What is cubic polynomial interpolation?
What is cubic polynomial interpolation?
Cubic spline interpolation is a special case for Spline interpolation that is used very often to avoid the problem of Runge’s phenomenon. This method gives an interpolating polynomial that is smoother and has smaller error than some other interpolating polynomials such as Lagrange polynomial and Newton polynomial.
What is piecewise constant interpolation?
The piecewise-constant, left-endpoint interpolation is an example of a first-order scheme. If p = 2, we say the scheme is second-order accurate; for h sufficiently small, reduction of h by a factor of two will reduce the error by a factor of four. We shall shortly introduce an example of a second-order scheme.
How is a cubic Hermite interpolating polynomial defined?

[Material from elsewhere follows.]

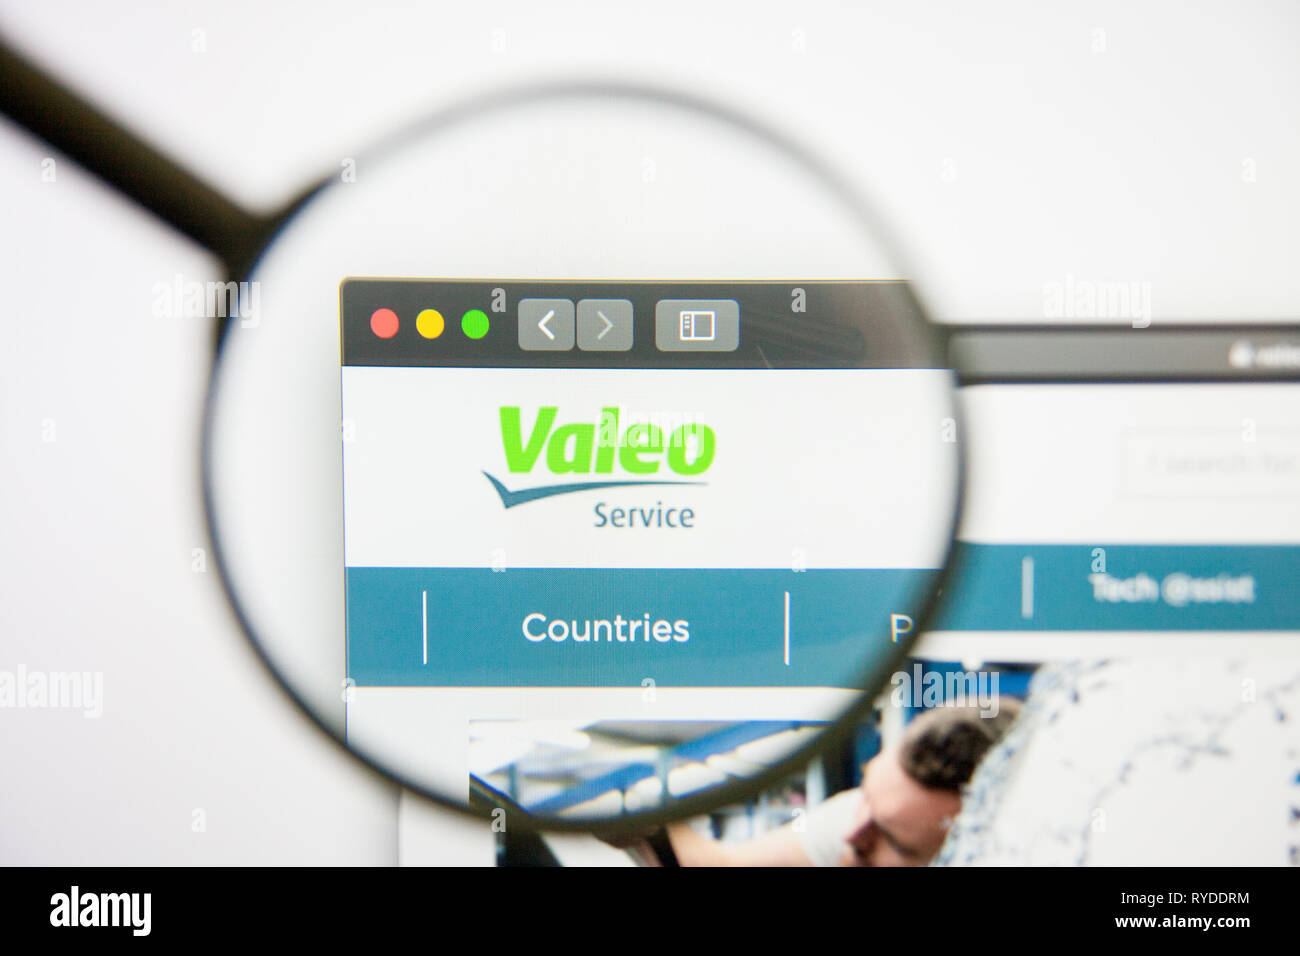 Los Angeles, California, USA - 14 February 2019: Valeo website homepage. Valeo logo visible on screen. Stock Photo

On each subinterval x k ≤ x ≤ x k + 1 , the polynomial P ( x) is a cubic Hermite interpolating polynomial for the given data points with specified derivatives (slopes) at the interpolation points. P ( x) interpolates y , that is, P ( x j) = y j, and the first derivative d P d x is continuous.
What is the shape preserving piecewise cubic interpolation?
Shape-Preserving Piecewise Cubic Interpolation. pchip interpolates using a piecewise cubic polynomial with these properties: On each subinterval , the polynomial is a cubic Hermite interpolating polynomial for the given data points with specified derivatives (slopes) at the interpolation points.
How to calculate a piecewise cubic interpolating polynomial?
p = pchip (x,y,xq) returns a vector of interpolated values p corresponding to the query points in xq. The values of p are determined by shape-preserving piecewise cubic interpolation of x and y. pp = pchip (x,y) returns a piecewise polynomial structure for use with ppval and the spline utility unmkpp.
How does spline and pchip construct the same polynomial?
spline constructs in almost the same way pchip constructs . However, spline chooses the slopes at the differently, namely to make even continuous. This difference has several effects: spline produces a smoother result, such that is continuous.